Technographa

Scientific classification
- Kingdom: Animalia
- Phylum: Arthropoda
- Class: Insecta
- Order: Lepidoptera
- Family: Lecithoceridae
- Subfamily: Lecithocerinae
- Genus: Technographa Meyrick, 1925
- Species: T. ephestris
- Binomial name: Technographa ephestris (Meyrick, 1908)
- Synonyms: Tingentera ephestris Meyrick, 1908;

= Technographa =

- Authority: (Meyrick, 1908)
- Synonyms: Tingentera ephestris Meyrick, 1908
- Parent authority: Meyrick, 1925

Genus of moths

Technographa is a genus of moth in the family Lecithoceridae. It contains the species Technographa ephestris, which is found in Sri Lanka.

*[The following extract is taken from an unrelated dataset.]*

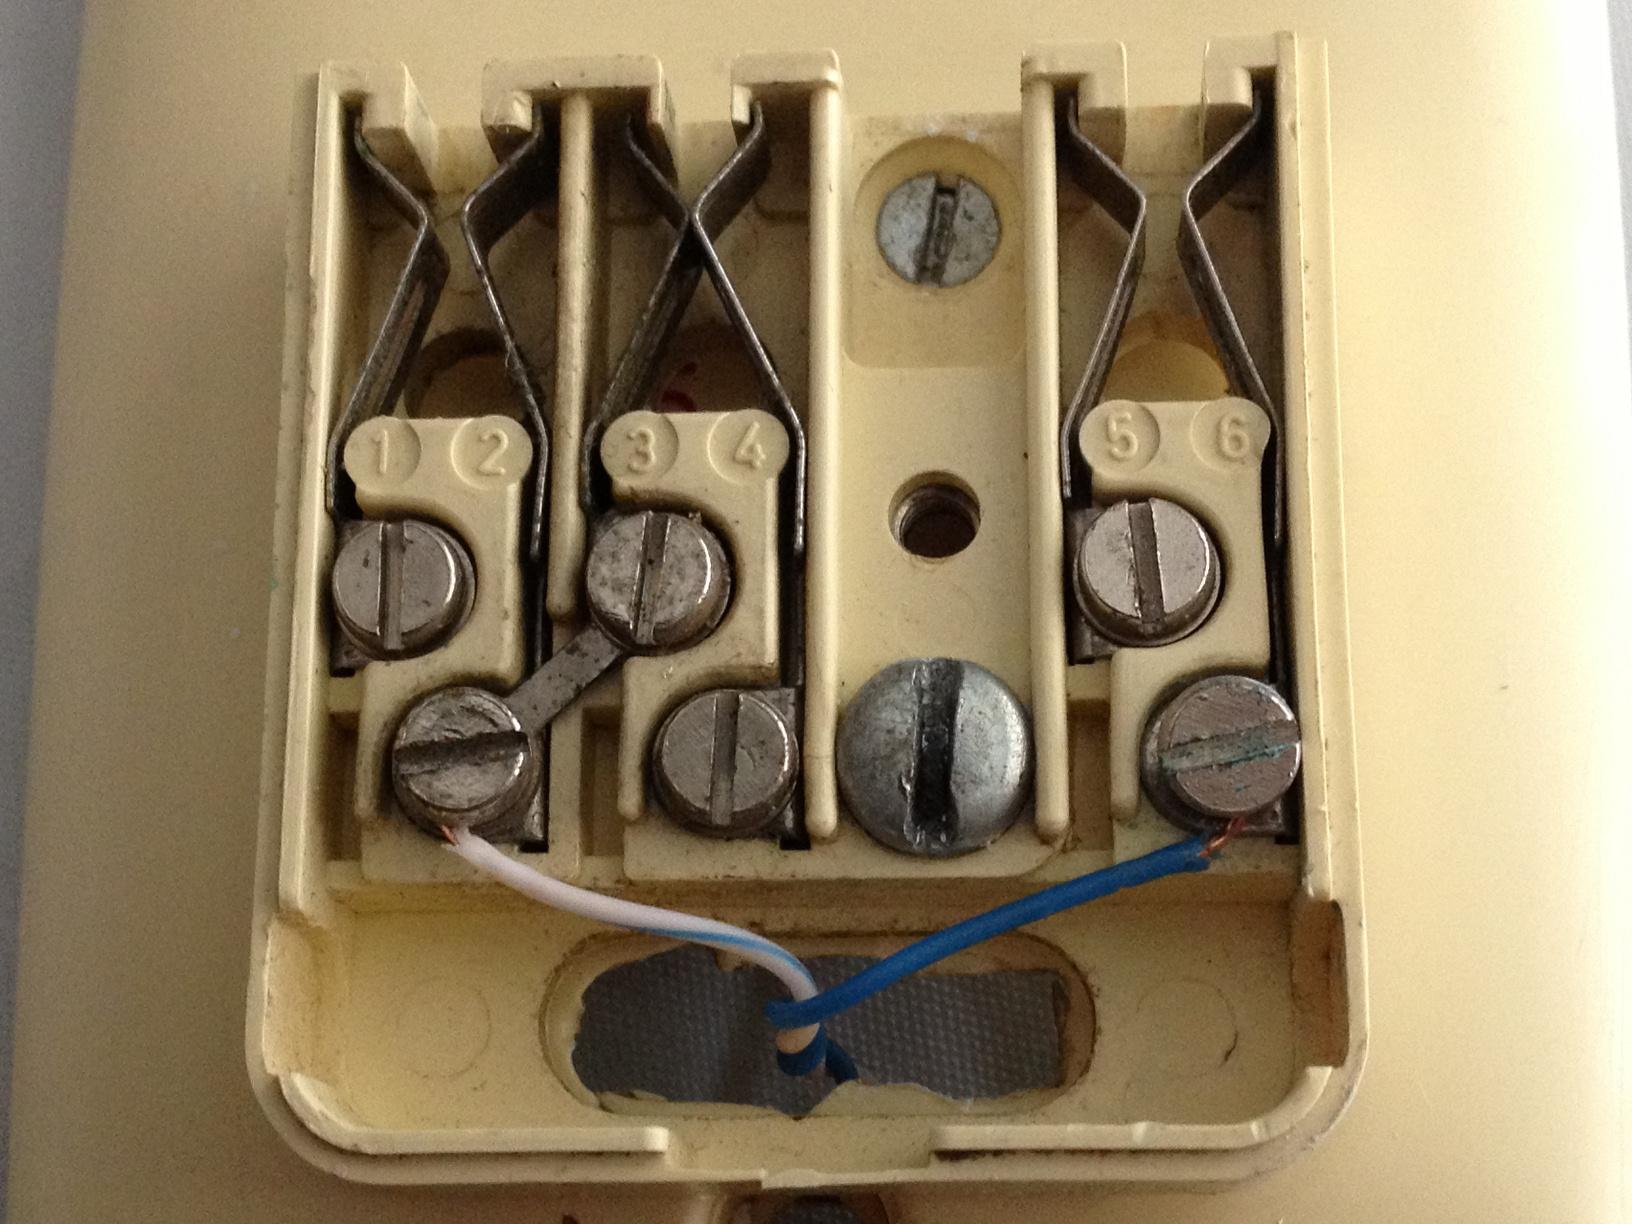 upgrading a 600 series phone socket to rj11 tp69 hpm telephone socket wiring australia for a [ 1632 x 1224 Pixel ]

The wingspan is 16–18 mm. The forewings are orange with a blackish dot on the base of the costa. There is a fascia near the base composed of two irregular dark fuscous lines mixed with leaden-metallic coincident at the extremities. There is a similar irregular transverse line at one-fourth, closely followed by a moderate dark fuscous fascia, narrowed on the costa and dilated on the dorsum. There is a round dark fuscous dot mixed with leaden-metallic in the middle of the disc and a moderate inwards-curved fascia of fuscous suffusion from about three-fourths of the costa to the tornus, marked with a strongly inwards-oblique leaden-metallic streak from the costa, a dot below the middle, and a longitudinal mark on the tornus. There are also three similar longitudinal leaden-metallic marks on the termen, and one on the costa before the apex, more or less surrounded with fuscous suffusion. The hindwings are rather dark grey with a small whitish-ochreous patch at the tornus, above which is a hyaline groove containing a pencil of whitish-ochreous hairs.